Print all the data, keeping every line exactly as it is.

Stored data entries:
· · · ·

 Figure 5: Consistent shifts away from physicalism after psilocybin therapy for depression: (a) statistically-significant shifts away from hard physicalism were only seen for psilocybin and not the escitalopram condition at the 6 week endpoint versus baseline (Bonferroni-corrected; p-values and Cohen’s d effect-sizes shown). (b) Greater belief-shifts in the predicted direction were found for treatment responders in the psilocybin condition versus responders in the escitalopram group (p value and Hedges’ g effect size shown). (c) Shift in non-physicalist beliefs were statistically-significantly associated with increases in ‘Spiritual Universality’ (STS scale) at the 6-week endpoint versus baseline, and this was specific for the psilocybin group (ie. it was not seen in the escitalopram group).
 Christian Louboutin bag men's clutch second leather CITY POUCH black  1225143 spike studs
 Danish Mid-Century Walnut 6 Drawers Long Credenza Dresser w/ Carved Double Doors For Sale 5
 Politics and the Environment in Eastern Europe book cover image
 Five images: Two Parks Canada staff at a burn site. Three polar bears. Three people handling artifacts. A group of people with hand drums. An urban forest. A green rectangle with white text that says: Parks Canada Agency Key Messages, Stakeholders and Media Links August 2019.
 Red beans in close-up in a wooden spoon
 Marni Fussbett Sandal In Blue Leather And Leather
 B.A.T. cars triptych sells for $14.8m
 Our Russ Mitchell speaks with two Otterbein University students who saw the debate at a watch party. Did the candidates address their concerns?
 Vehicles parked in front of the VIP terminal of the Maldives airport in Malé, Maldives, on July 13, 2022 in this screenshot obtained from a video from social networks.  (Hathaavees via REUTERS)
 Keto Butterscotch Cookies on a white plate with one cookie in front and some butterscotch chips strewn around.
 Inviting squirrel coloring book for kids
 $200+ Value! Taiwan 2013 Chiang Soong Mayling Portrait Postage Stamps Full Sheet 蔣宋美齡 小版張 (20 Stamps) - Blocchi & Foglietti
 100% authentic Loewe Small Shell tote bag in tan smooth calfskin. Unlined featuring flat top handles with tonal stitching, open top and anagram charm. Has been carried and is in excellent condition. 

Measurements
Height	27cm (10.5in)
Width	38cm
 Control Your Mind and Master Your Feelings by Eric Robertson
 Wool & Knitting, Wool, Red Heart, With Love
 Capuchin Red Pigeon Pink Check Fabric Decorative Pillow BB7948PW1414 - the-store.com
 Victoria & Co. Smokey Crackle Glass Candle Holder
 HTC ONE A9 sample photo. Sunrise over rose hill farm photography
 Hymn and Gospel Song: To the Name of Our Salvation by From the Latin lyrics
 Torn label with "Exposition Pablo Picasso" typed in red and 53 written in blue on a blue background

· · · ·

**Response below**
 Figure 5: Consistent shifts away from physicalism after psilocybin therapy for depression: (a) statistically-significant shifts away from hard physicalism were only seen for psilocybin and not the escitalopram condition at the 6 week endpoint versus baseline (Bonferroni-corrected; p-values and Cohen’s d effect-sizes shown). (b) Greater belief-shifts in the predicted direction were found for treatment responders in the psilocybin condition versus responders in the escitalopram group (p value and Hedges’ g effect size shown). (c) Shift in non-physicalist beliefs were statistically-significantly associated with increases in ‘Spiritual Universality’ (STS scale) at the 6-week endpoint versus baseline, and this was specific for the psilocybin group (ie. it was not seen in the escitalopram group).
 Christian Louboutin bag men's clutch second leather CITY POUCH black  1225143 spike studs
 Danish Mid-Century Walnut 6 Drawers Long Credenza Dresser w/ Carved Double Doors For Sale 5
 Politics and the Environment in Eastern Europe book cover image
 Five images: Two Parks Canada staff at a burn site. Three polar bears. Three people handling artifacts. A group of people with hand drums. An urban forest. A green rectangle with white text that says: Parks Canada Agency Key Messages, Stakeholders and Media Links August 2019.
 Red beans in close-up in a wooden spoon
 Marni Fussbett Sandal In Blue Leather And Leather
 B.A.T. cars triptych sells for $14.8m
 Our Russ Mitchell speaks with two Otterbein University students who saw the debate at a watch party. Did the candidates address their concerns?
 Vehicles parked in front of the VIP terminal of the Maldives airport in Malé, Maldives, on July 13, 2022 in this screenshot obtained from a video from social networks.  (Hathaavees via REUTERS)
 Keto Butterscotch Cookies on a white plate with one cookie in front and some butterscotch chips strewn around.
 Inviting squirrel coloring book for kids
 $200+ Value! Taiwan 2013 Chiang Soong Mayling Portrait Postage Stamps Full Sheet 蔣宋美齡 小版張 (20 Stamps) - Blocchi & Foglietti
 100% authentic Loewe Small Shell tote bag in tan smooth calfskin. Unlined featuring flat top handles with tonal stitching, open top and anagram charm. Has been carried and is in excellent condition. 

Measurements
Height	27cm (10.5in)
Width	38cm
 Control Your Mind and Master Your Feelings by Eric Robertson
 Wool & Knitting, Wool, Red Heart, With Love
 Capuchin Red Pigeon Pink Check Fabric Decorative Pillow BB7948PW1414 - the-store.com
 Victoria & Co. Smokey Crackle Glass Candle Holder
 HTC ONE A9 sample photo. Sunrise over rose hill farm photography
 Hymn and Gospel Song: To the Name of Our Salvation by From the Latin lyrics
 Torn label with "Exposition Pablo Picasso" typed in red and 53 written in blue on a blue background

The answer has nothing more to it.